CytoTRACE 1, the predecessor of CytoTRACE 2, introduced transcriptional diversity quantified through gene counts as a correlate of developmental potential and exploited this concept to predict relative cellular potency from scRNA-seq3. CytoTRACE 1 (v.0.3.3) was applied with default parameters.

SCENT (SR)

SCENT estimates relative cellular potency from scRNA-seq and a reference protein–protein interaction (PPI) network using single-cell signaling entropy (SR), a measure of the diversity of molecular pathway activity in a cell15. SCENT (v.1.0.3) was executed with the ‘net13Jun12’ human PPI network provided with the package and otherwise default parameters. For mouse datasets, genes were first mapped to human orthologs as described above. All gene symbols were converted to Entrez ID using org.Hs.eg.db (v.3.15.0) in R. Gene expression matrices were normalized per documentation recommendation (https://github.com/aet21/SCENT/blob/master/vignettes/SCENT.Rmd).

SCENT (CCAT)

CCAT, implemented within the SCENT package, was developed as a highly efficient alternative to the original SCENT method, SCENT (SR)14. CCAT was applied with the same package, PPI network, and preprocessing steps described above (‘SCENT (SR)’) with expression datasets prepared as per documentation recommendations.

FitDevo

Similar to SCENT (CCAT), FitDevo infers cellular potency from the correlation between gene expression and a measure of gene weights20. FitDevo (v.1.2.0) was applied following tutorial instructions with binary gene weight matrix downloaded from the same source (https://github.com/jumphone/FitDevo/#demo-1–infer-developmental-potential-dp-using-expression-matrix-of-scrna-seq-data).

SLICE

SLICE relies on transcriptomic entropy for cellular potency prediction and lineage reconstruction, estimating entropy over functional groups of genes computed from Gene Ontology annotations17. SLICE (v.0.99.0) was applied according to demo details from the method’s GitHub page (https://github.com/xu-lab/SLICE/blob/master/demo/FB.R).

StemID

StemID infers cellular differentiation trajectories from scRNA-seq data with a clustering-based algorithm analyzing links between clusters16. StemID, implemented in RaceID (v.0.1.4), was run according to documentation vignette instructions (https://cran.r-project.org/web/packages/RaceID/vignettes/RaceID.html). For each dataset, an SCseq object was initialized from each input gene expression matrix using filterData() with mintotal = 10. Ltree() and compentropy() were then applied consecutively to obtain the StemID score for cell potency.

scTour

scTour implements a deep learning architecture combining a variational autoencoder with a neural ordinary differential equation to reconstruct the developmental trajectory of an input scRNA-seq dataset, oriented according to gene counts19. scTour (v.1.0.0) was trained and applied to each dataset individually per ‘Model training’ documentation vignette instructions at https://sctour.readthedocs.io/en/latest/notebook/scTour_inference_PostInference_adjustment.html.
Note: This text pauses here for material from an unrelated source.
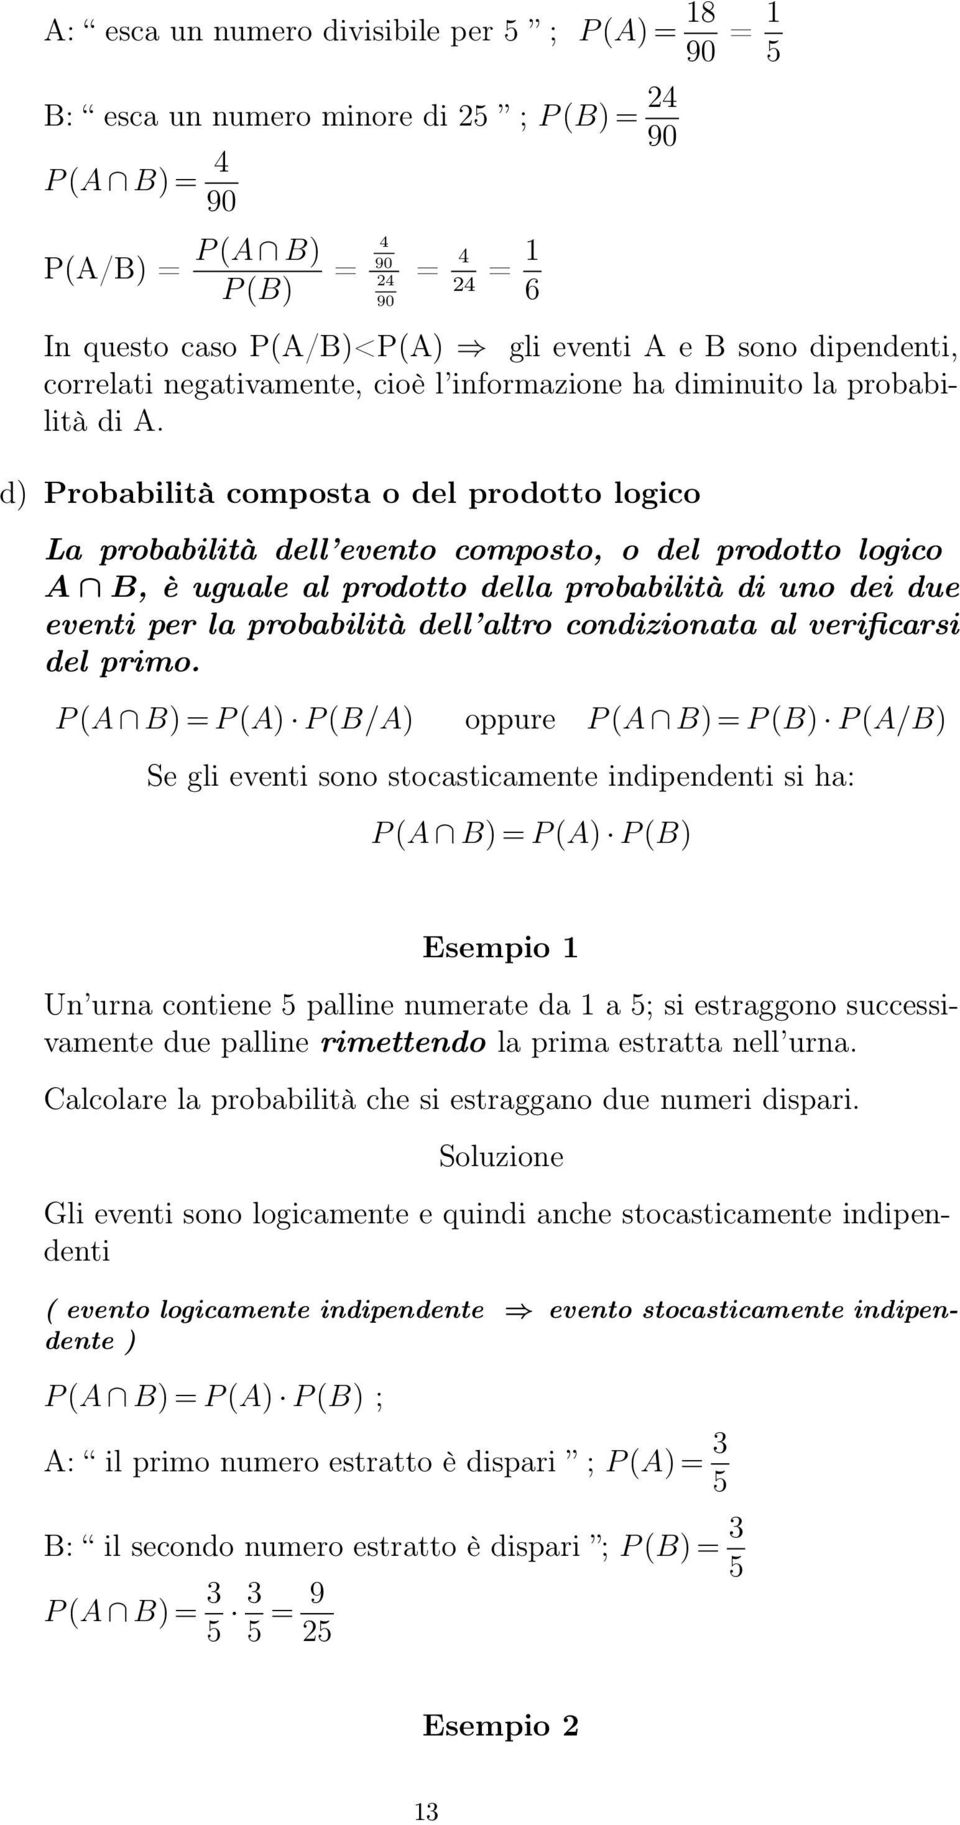 d) Probabilità composta o del prodotto logico La probabilità dell evento composto, o del prodotto logico A B, è uguale al prodotto della probabilità di uno dei due eventi per la probabilità dell

When the raw count matrix was available for the dataset, the negative binomial conditioned likelihood loss function was used. Otherwise, the CPM/TPM expression matrix was log2-transformed, and the mean squared error loss function was used instead. Cell potency scores were obtained from the developmental pseudotime predictions extracted from the model training output with get_time().

mRNAsi

mRNAsi utilizes a one-class logistic regression framework to construct a cellular stemness index applicable to cell potency estimation from bulk and scRNA-seq data18. mRNAsi was trained as described previously3. All input gene expression matrices were CPM/TPM normalized and log2-transformed.

Gene sets

The predictive capacity of 18,706 annotated gene sets (17,810 gene sets from MSigDB36 and 896 gene sets of transcription factor binding sites from ENCODE/ChEA34,35) was assessed via GSEA. For each gene set, the AddModuleScore() function with default parameters from Seurat (v.4.3.0) was applied to each expression matrix normalized via Seurat’s NormalizeData() function.

Comparison to scVelo

As scVelo5 relies on splicing kinetics, necessitating the processing of raw sequencing data, we limited our analyses to nine ground truth datasets from the test cohort that were generated by platforms with built-in support by velocyto and for which raw sequencing data are publicly available (Supplementary Tables 1 and 14). Raw FASTQ files for seven of these datasets, namely ‘BM-MNC (CITE-seq)’, ‘Retinal neurons (10x)’, ‘Pancreas (10x)’, ‘Peripheral glia (Smart-seq2)’, ‘Skeletal stem cell (C1)’ and ‘HSCs and MPPs (inDrop)’, were obtained from the Sequence Read Archive (SRA) from NCBI, with study IDs SRP188993, SRP168426, SRP200419, SRP109011, SRP239468 and SRP094420, respectively. For ‘Peripheral glia (Smart-seq2)’, we analyzed sample IDs prefixed with ‘E12.5’. Notably, raw FASTQ files were only available for 227 of 473 cells in the ‘Skeletal stem cell (C1)’ dataset. For the remaining two datasets, ‘Mouse neurogenesis (10x)’ and ‘Mouse mature neural cell types (10x)’, data were obtained as BAM files from SRA study ID SRP476153.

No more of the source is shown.